UVA 750: 8 Queens Chess

Question

In chess it is possible to place eight queens on the board so that no one queen can be taken by any other. Write a program that will determine all such possible arrangements for eight queens given the initial position of one of the queens.

Input

The first line of the input contains the number of datasets, and it's followed by a blank line. Each dataset contains a pair of positive integers separated by a single space that describes the initial position of one of the 8 queens

Output

Output for each dataset will consist of a one-line-per-solution representation.

Each solution will be sequentially numbered 1...N. Each solution will consist of 8 numbers. Each of the 8 numbers will be the ROW coordinate for that solution. The column coordinate will be indicated by the order in which the 8 numbers are printed.
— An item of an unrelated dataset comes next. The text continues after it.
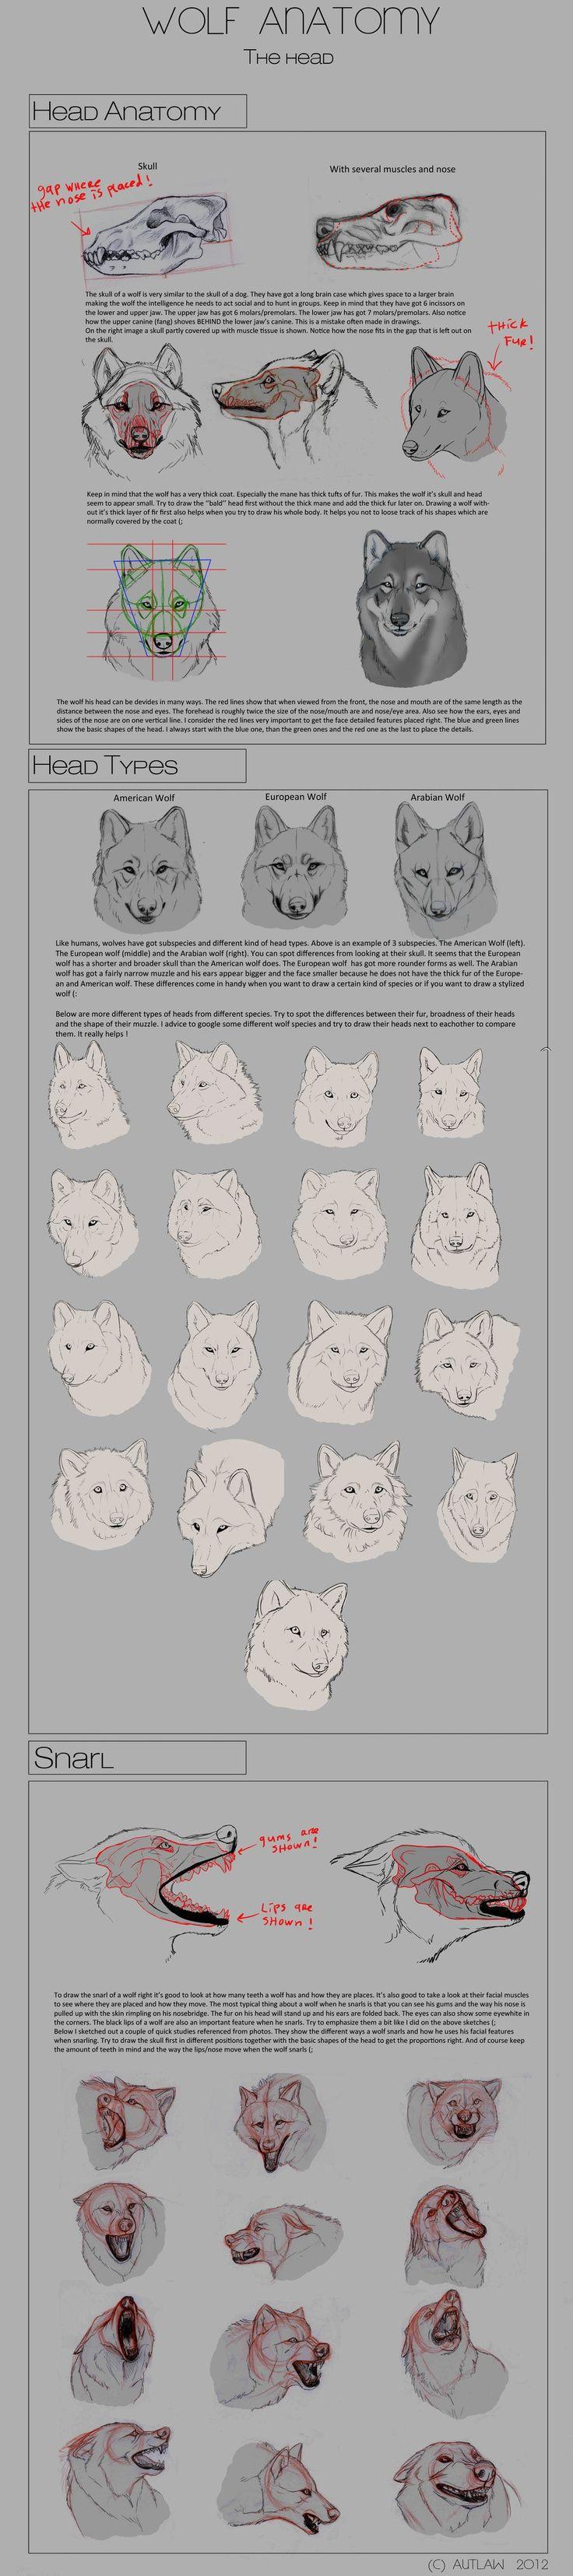 best animal illustration images on pinterest

That is, the rst number represents the ROW in which the queen is positioned in column 1; the second number represents the ROW in which the queen is positioned in column 2, and so on

Sample Input

1

1 1

Sample Output

SOLN       COLUMN  
 #     1 2 3 4 5 6 7 8  

 1     1 5 8 6 3 7 2 4  
 2     1 6 8 3 7 4 2 5  
 3     1 7 4 6 8 2 5 3  
 4     1 7 5 8 2 4 6 3

The full description of the problem can be found here.

#include <iostream>
#include <algorithm>
#include <vector>
#include <cmath>

class Chess
{
    const int row_size, col_size;
    const int row_queen, col_queen;
    std::vector<std::vector<int> > sol;
    // queens_row_num[i] == on which row the queen is placed on col i
    int queens_row_num[8 + 1], idx_queens_row_num;

    bool queen_is_in_attack_pos(const int &row, const int &col)
    {
        for ( int j = 1; j <= col_size; ++j )
        {
            if ( queens_row_num[j] )
        {
            if ( std::abs(queens_row_num[j] - row) ==
             std::abs(j - col) ||
             queens_row_num[j] == row || j == col )
            return true;
        }
        }
        return false;
    }

    bool eight_queens_are_in_place()
    {
        for ( int j = 1; j <= col_size; ++j )
        {
        if ( !queens_row_num[j] )
                return false;
        }
        return true;
    }

    void store_cur_sol()
    {
        std::vector<int> v;
        for ( int j = 1; j <= col_size; ++j )
        {
        v.push_back(queens_row_num[j]);
        }
        sol.push_back(v);
    }

    void go_through_board(int col)
    {

        if ( eight_queens_are_in_place() )
        {
        store_cur_sol();
            return;
        }
        for ( int j = col + 1; j <= col_size; ++j )
        {
        if ( queens_row_num[j] )
            continue;
        for ( int i = 1; i <= row_size; ++i )
        {
            if ( !queen_is_in_attack_pos(i, j) )
            {
            queens_row_num[j] = i;
            go_through_board(j);
            queens_row_num[j] = 0;
            }
        }
        }
    }
public:
    Chess(const int &r, const int &c) : row_queen(r), col_queen(c),
                                        row_size(8), col_size(8)
    {}

    void find_solutions()
    {
        // go through the column so as to get the solution
        // in sorted order

        std::fill(queens_row_num, queens_row_num + col_size + 1, 0);
        queens_row_num[col_queen] = row_queen;
        go_through_board(0);
    }

    void print_solutions()
    {
        std::cout << "SOLN       COLUMN" << std::endl;
        std::cout << " #      1 2 3 4 5 6 7 8" << std::endl;
        std::cout << std::endl;

        for ( int i = 1; i <= (int)sol.size(); ++i )
        {
        std::cout << (i < 10 ? " " : "") << i << "     ";
            for ( int k = 0; k < col_size; ++k )
        {
            std::cout << " " << sol[i - 1][k];
        }
        std::cout << std::endl;
        }
    }
};

int main()
{
    int T;

    std::cin >> T;
    for ( int t = 1; t <= T; ++t )
    {
        int r, c;
        std::cin >> r >> c;
        Chess chess = Chess(r, c);

        chess.find_solutions();
        chess.print_solutions();
        if ( t < T )
            std::cout << std::endl;
    }
    return 0;
}

What are the possible way to improve:

• on quality-wise
• to make it more readable so that someone can understand 6 months down the road
• to make it more C++-like

Answer 1

Besides what Hosch250 said, with all of which I agree, here are a few more C++ style points:

---

#include <cmath>

You don't use anything from <cmath>, but you do use std::abs, which is located in <cstdlib>.

---

const int row_size, col_size;
const int row_queen, col_queen;

It is generally considered bad style to declare multiple entities on the same line. Consider:

int const *a, b;   // what is the type of "b"?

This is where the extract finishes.